We will use the Kaggle 1982-2022 NBA MVP Player Statistics Dataset to determine the metrics most important to calculating the MVP and then use the Kaggle 2022-2023 Player Stats to find the current MVP leader as well as the Defensive Player of the Year and who is apart of the NBA First Team all-pro

Variables¶

1.Games Played(GP)
2.Minutes per Game(MPG)
3.Usage Percentage (USG%)
4.Turnover Percentage (TO%)
5.Effective Field Goal Percentage (eFG%)
6.True Shooting Percentage (TS%)
7.Points Per Game (PPG)
8.Rebounds Per Game (RPG)
9.Assists per Game (APG)
10.Steals + Blocks per game (SPG + BPG)
11.Offensive Rating (ORtg)
12.Defensive Rating (DRtg)
In [36]:
import pandas as pd
df = pd.read_csv("NBA Stats 202223 All Stats  NBA Player Props Tool.csv")
df.head()
Out[36]:
RANK NAME TEAM POS AGE GP MPG USG% TO% FTA ... APG SPG BPG TPG P+R P+A P+R+A VI ORtg DRtg
0 1 Dejounte Murray Atl G 26.4 56 36.4 24.8 11.1 135 ... 6.1 1.5 0.3 2.3 26.5 27.0 32.5 2.4 9.6 114.4
1 2 Trae Young Atl G 24.4 54 35.3 33.2 17.2 478 ... 10.2 1.1 0.1 4.1 29.9 37.2 40.1 1.6 11.7 116.6
2 3 De'Andre Hunter Atl F-G 25.2 51 31.7 19.8 9.1 176 ... 1.4 0.5 0.2 1.2 20.0 17.1 21.4 1.3 16.6 110.1
3 4 John Collins Atl F-C 25.4 51 31.0 17.0 10.6 128 ... 1.2 0.7 1.2 1.2 20.2 14.4 21.5 2.8 18.2 106.7
4 5 Bogdan Bogdanovic Atl G 30.5 36 29.6 20.2 9.2 50 ... 3.0 0.9 0.3 1.3 18.0 17.6 21.0 2.0 40.7 114.0

5 rows × 29 columns

In [39]:
df_1 = pd.read_csv("NBA_dataset.csv")
df_1.head()
Out[39]:
season player pos age team_id g gs mp_per_g fg_per_g fga_per_g ... ws ws_per_48 obpm dbpm bpm vorp award_share mov mov_adj win_loss_pct
0 1982 Kareem Abdul-Jabbar C 34 LAL 76 76 35.2 9.9 17.1 ... 10.7 0.192 3.8 1.2 5.0 4.7 0.045 4.87 4.37 0.695
1 1982 Alvan Adams C 27 PHO 79 75 30.3 6.4 13.0 ... 7.2 0.144 1.4 2.2 3.6 3.4 0.000 3.45 3.05 0.561
2 1982 Mark Aguirre SF 22 DAL 51 20 28.8 7.5 16.1 ... 1.9 0.061 2.3 -1.6 0.7 1.0 0.000 -4.43 -4.48 0.341
3 1982 Danny Ainge SG 22 BOS 53 1 10.6 1.5 4.2 ... 0.5 0.042 -3.7 1.0 -2.7 -0.1 0.000 6.38 6.35 0.768
4 1982 Tiny Archibald PG 33 BOS 68 51 31.9 4.5 9.6 ... 5.2 0.115 1.4 -1.3 0.1 1.1 0.000 6.38 6.35 0.768

5 rows × 55 columns

Meathod¶

To solve this problem, we will use the second loaded dataset and find out the stats most highly emphasized when choosing the MVP. This means we will use a KN Classifier with the player who most matches the stats within those of the past MVP's.
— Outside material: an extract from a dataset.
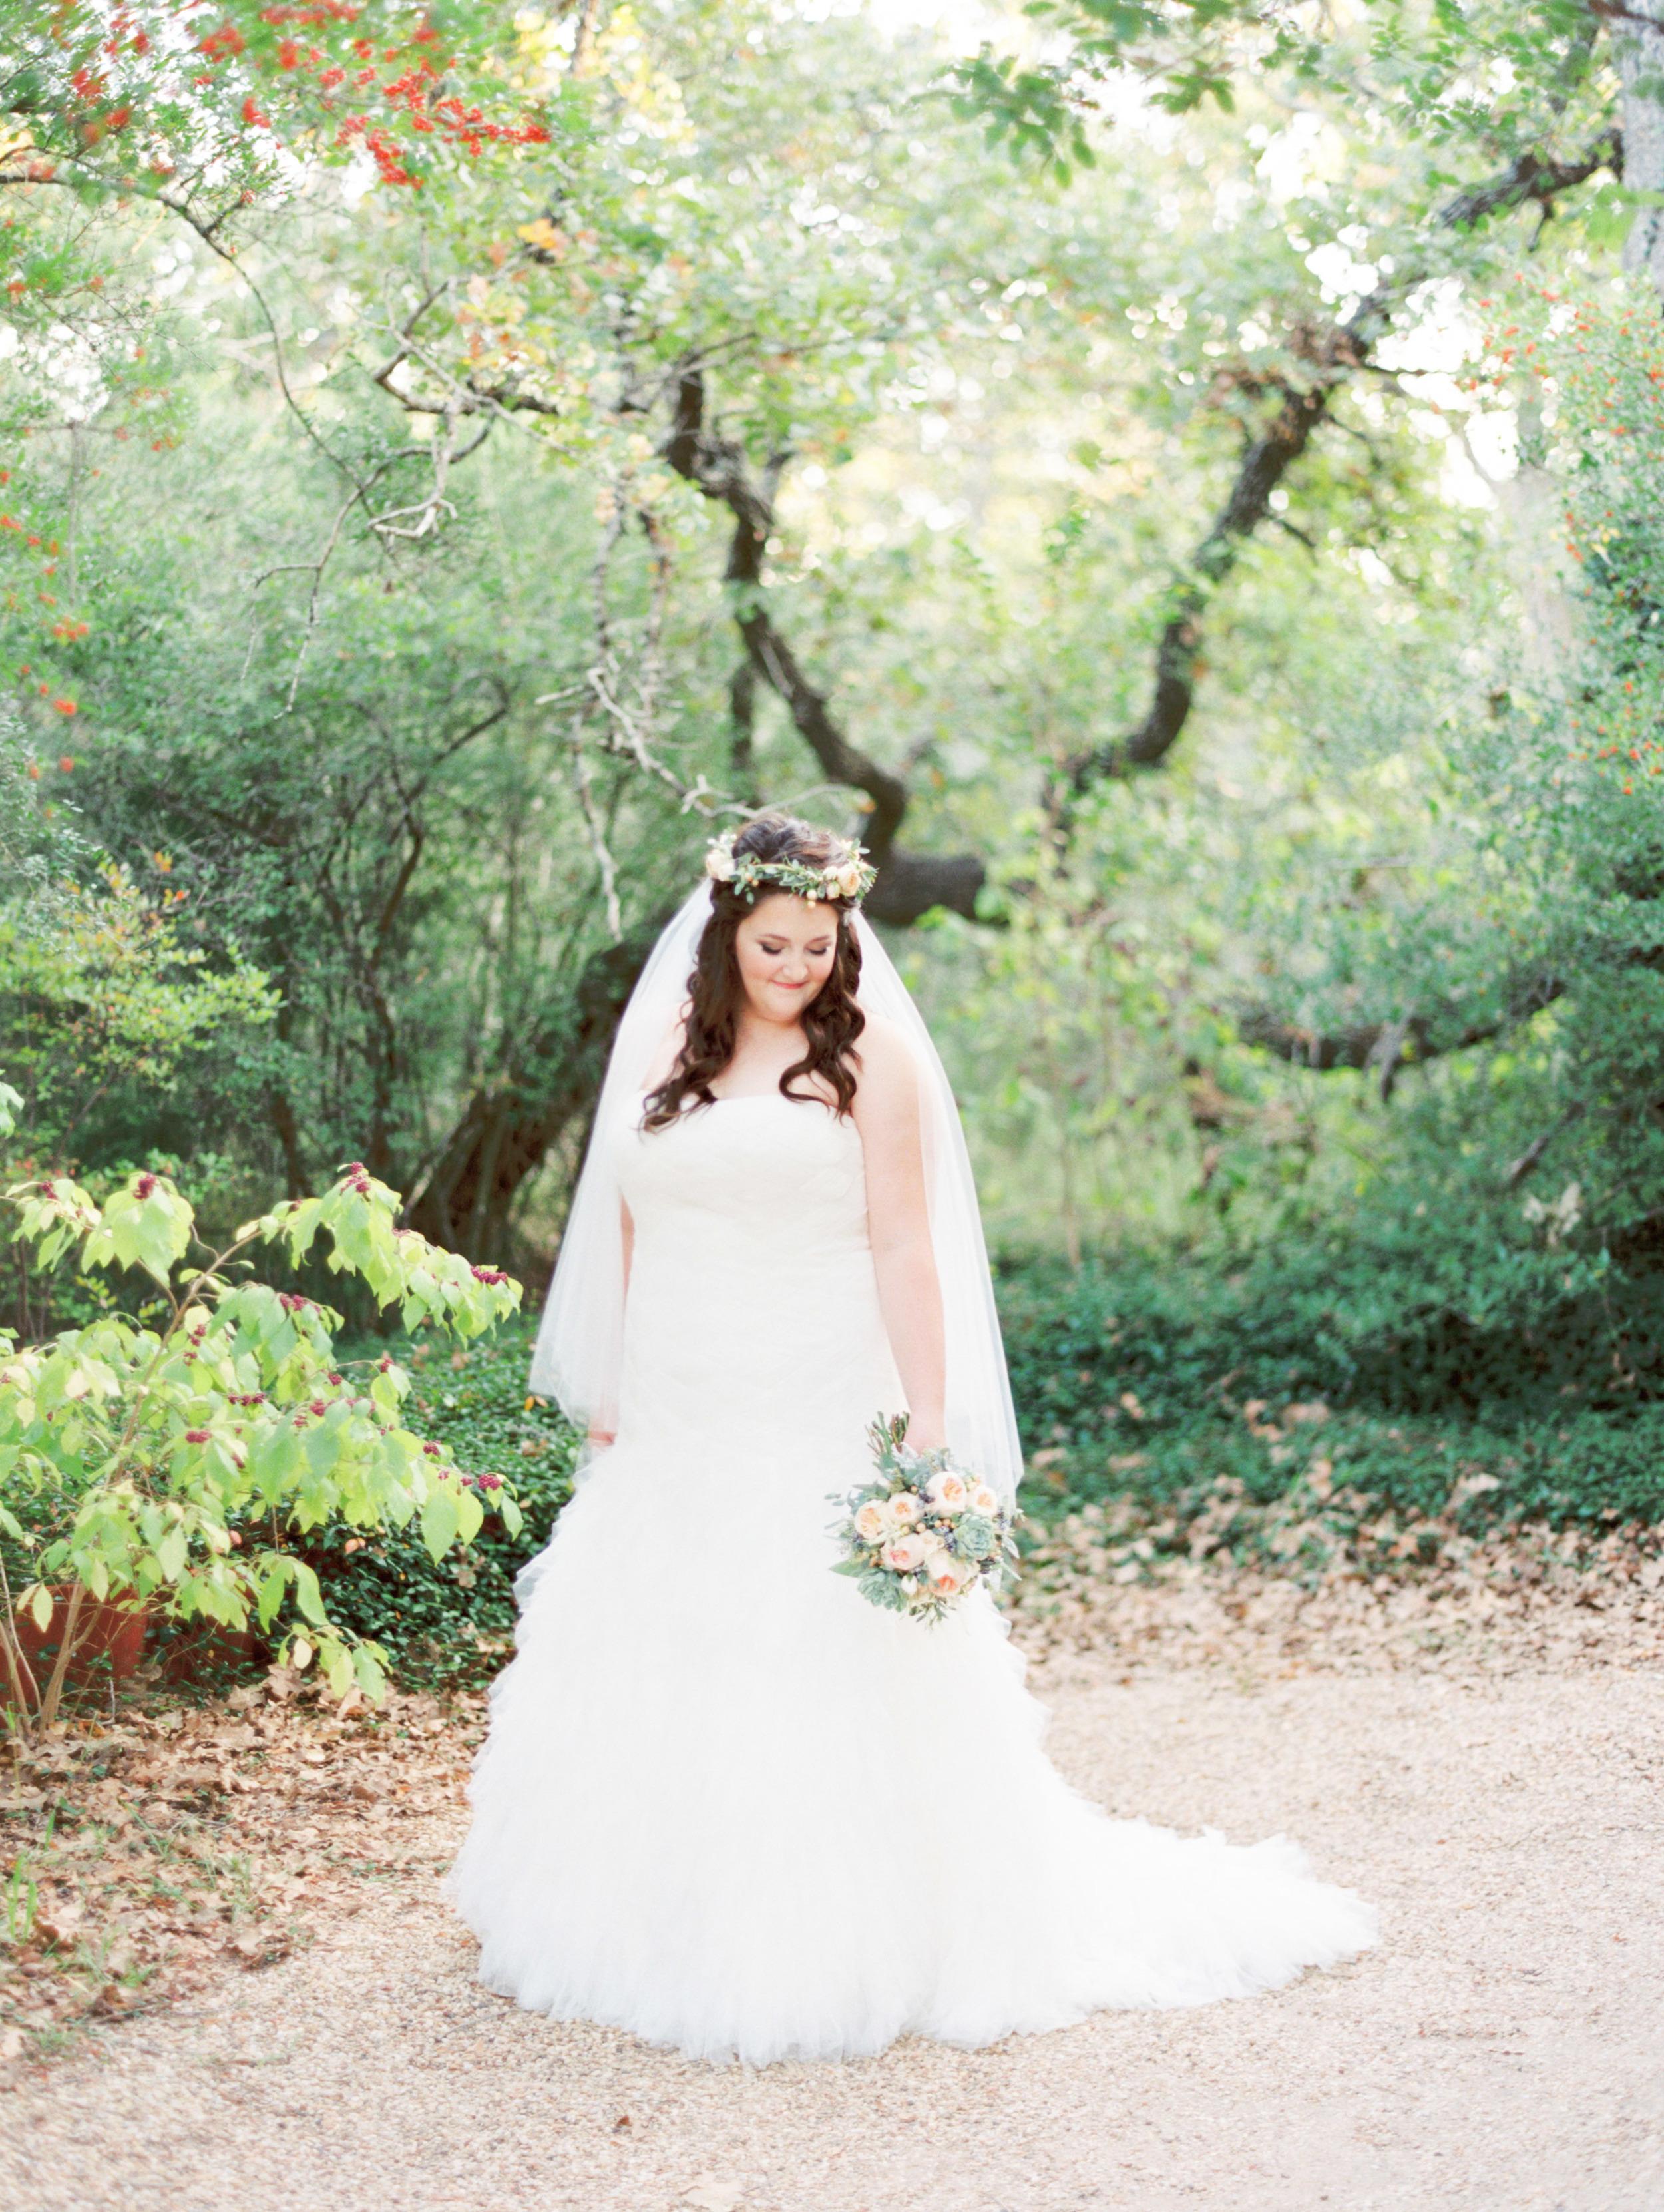 Sarah Best Photography - Elizabeth's Bridals - 7F Lodge-123.jpg

Some problems we might face could include the stat differences in eras. Scoring now is much easier than in previous years so PPG and APG might be inflated which means we will have to standardize a unit. Also games played is very important so that will have to have more value than a basic stat like minutes per game. In order to find the first team all pros, we will have to find out the values of each guard, forward, and center by creating a ranking system based off their stats and game metrics. Then choose the top 2,2, and 1 for their positions, respectively.